Q. We made a table out of an 8 inch wide piece of lumber and I can guarantee that the top was flat when we shipped it, but now the customer has said that the individual pieces are cupped. Indeed, when I inspected it, he is correct. We were careful to make sure that all the pieces had the grain running the same direction (heart side down) to give a nice look. We did screw the top to the metal frame but the screws pulled out. What advice can you give?

A. First, it is important that you recognize that wood does not cup unless its moisture content changes. We might argue that the customer’s office is too dry or that the wood we used was a bit high in moisture. In either case, or a little of both, the wood pieces will cup slightly. So, you need to pay more attention to matching the MC when you make a top with the MC that it will have in service.

On an expensive table, measure the MC of every piece.
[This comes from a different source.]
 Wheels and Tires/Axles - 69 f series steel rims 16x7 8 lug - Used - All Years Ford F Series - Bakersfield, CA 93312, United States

After manufacturing, you should probably use a large plastic bag to keep the moisture from changing during storage and shipment.
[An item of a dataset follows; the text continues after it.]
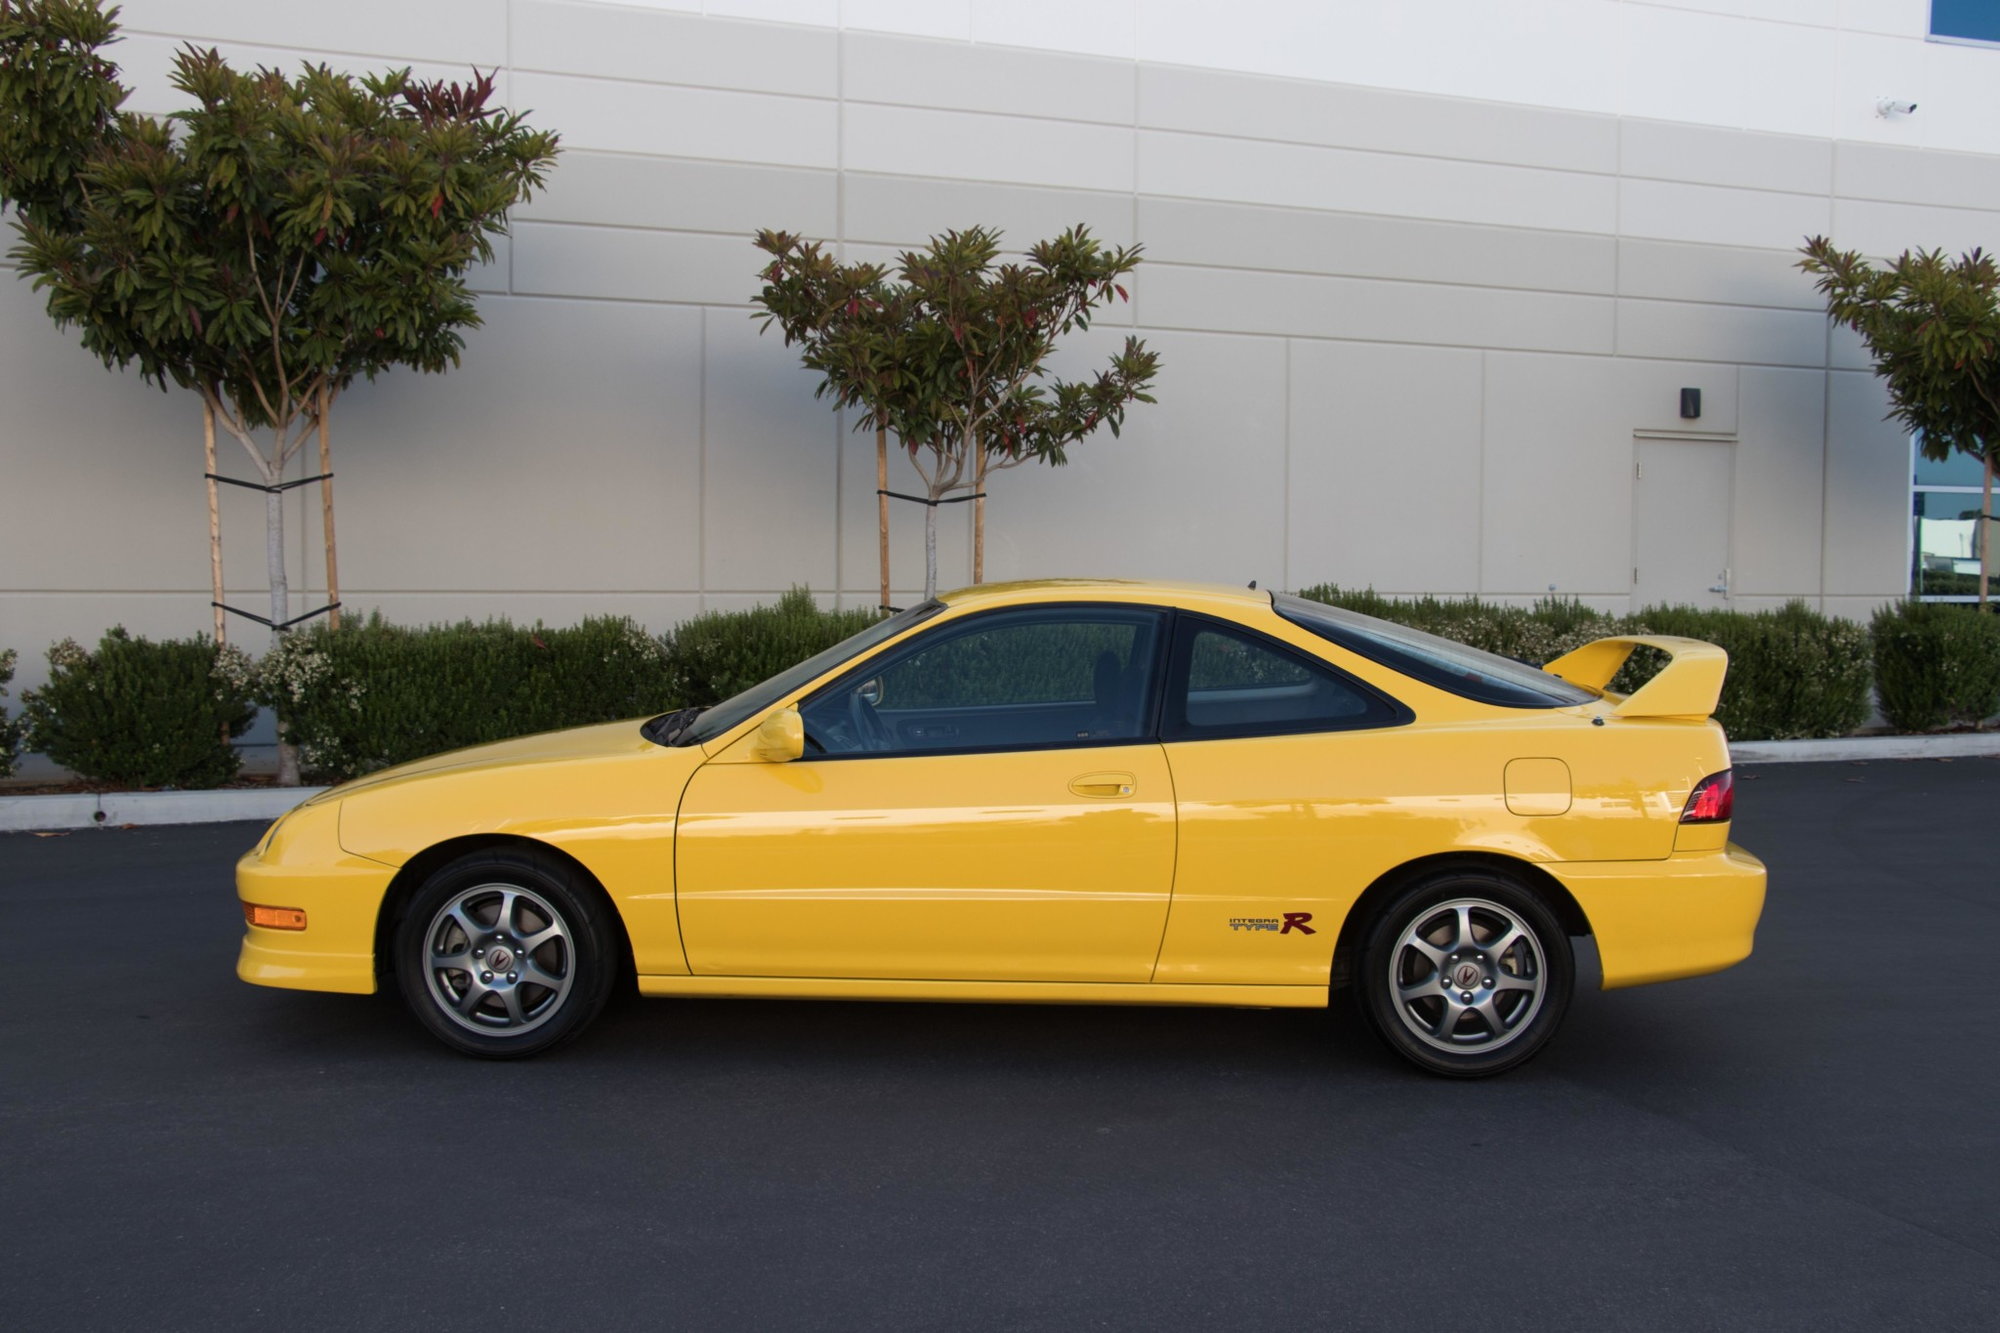 2000 Acura Integra - 2000 Acura Integra Type R *Phoenix Yellow, 47k miles, 3 Owners, original paint* - Used - VIN JH4DC2314YS005225 - 47,000 Miles - 4 cyl - 2WD - Manual - Hatchback - Yellow - Fountain Valley, CA 92708, United States

Bottom line: With no or very little MC change, there will be no appreciable cup of the individual pieces. Note that a good finish will also slow any moisture changes which also reduces warping; slow and small moisture changes are “absorbed” by the wood without warp.
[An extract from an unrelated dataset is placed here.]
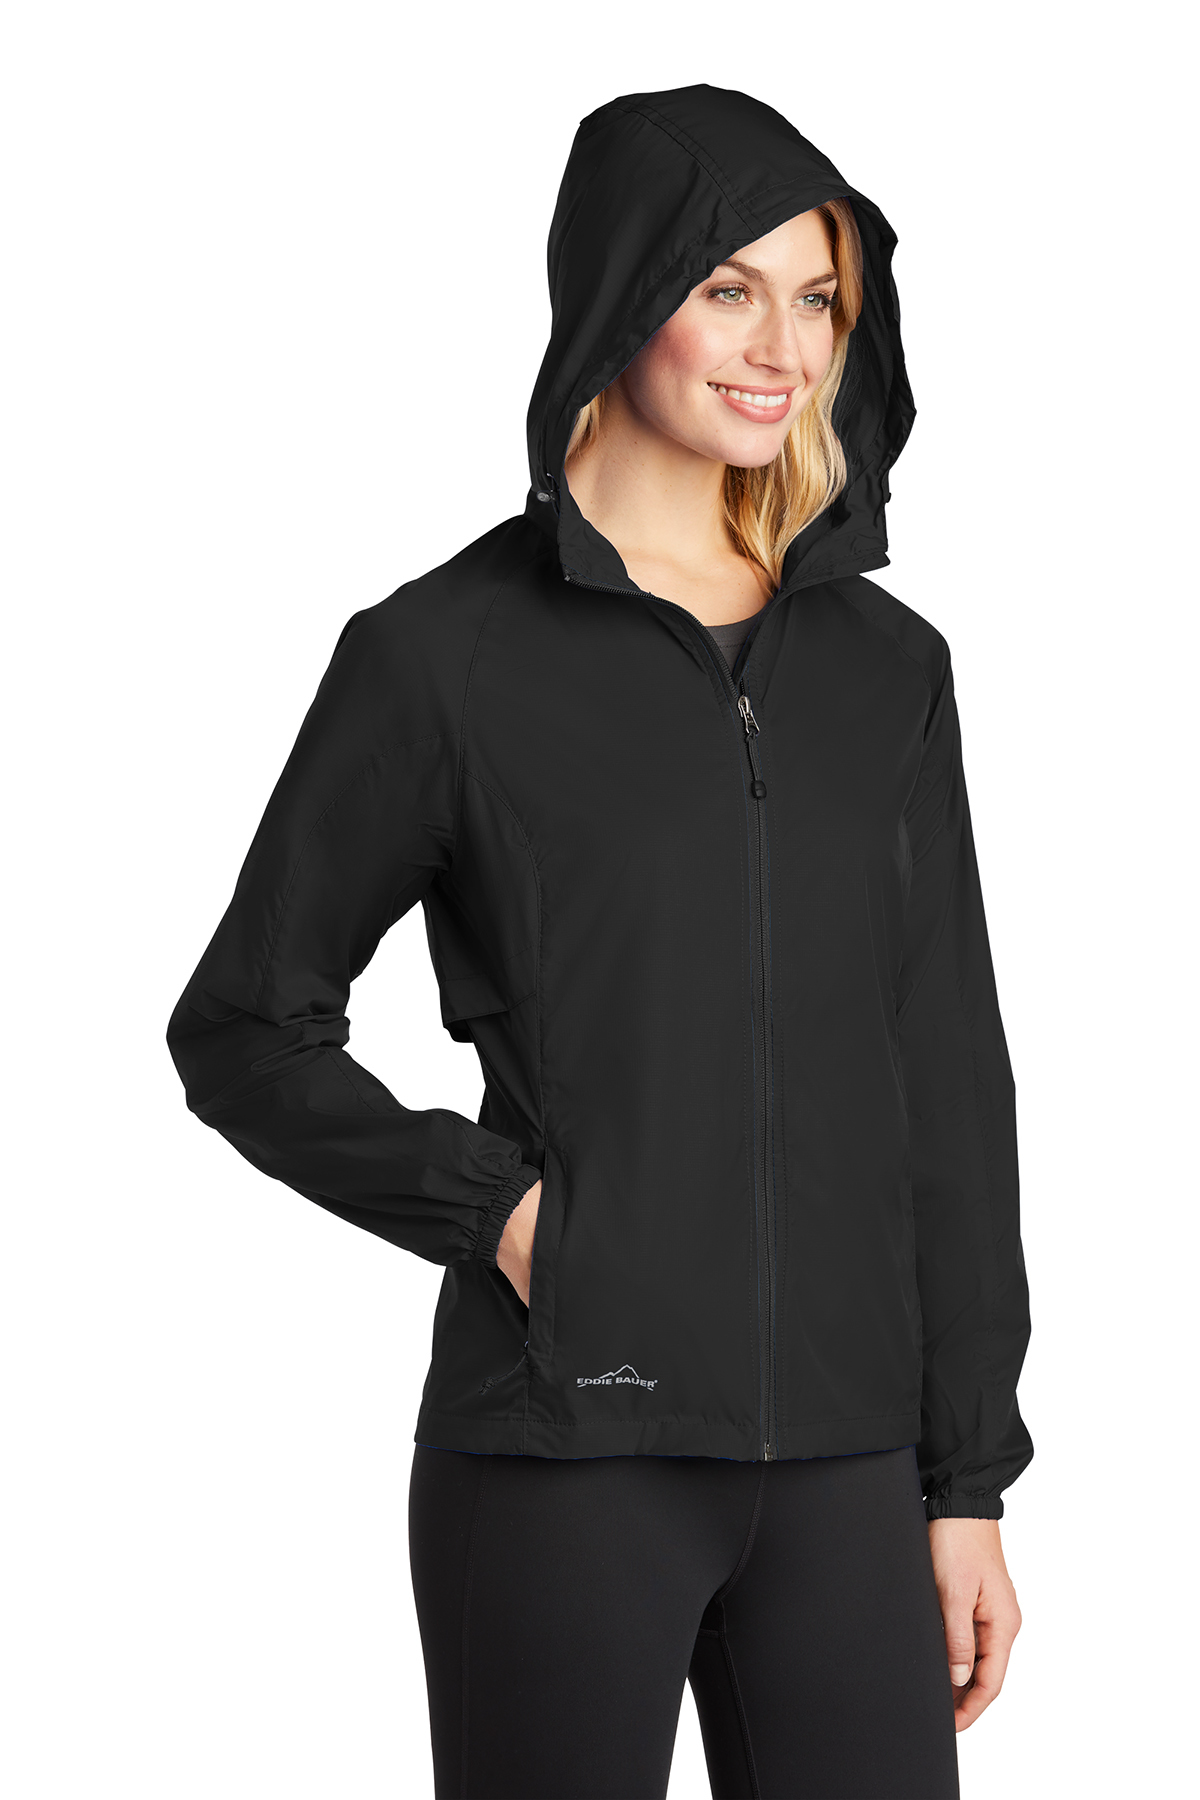 Eddie Bauer - Ladies Packable Wind Jacket | Product | Company Casuals

Another factor: By aligning the grain, you do achieve a striking grain pattern, but you also accumulate cup across the entire width. Therefore, with wide pieces, we do suggest alternating the pieces up and down.

Incidentally, it is worth noting that the amount of cup in an 8 inch wide piece is reduced to 1/4 (not just 1/2) if you were to rip the piece into two 4 inch wide pieces. This is why we see so many panels made with 2 inch or 3 inch wide strips.

Cupping forces are fairly large, so it is very difficult to restrain cupping with frames and screws.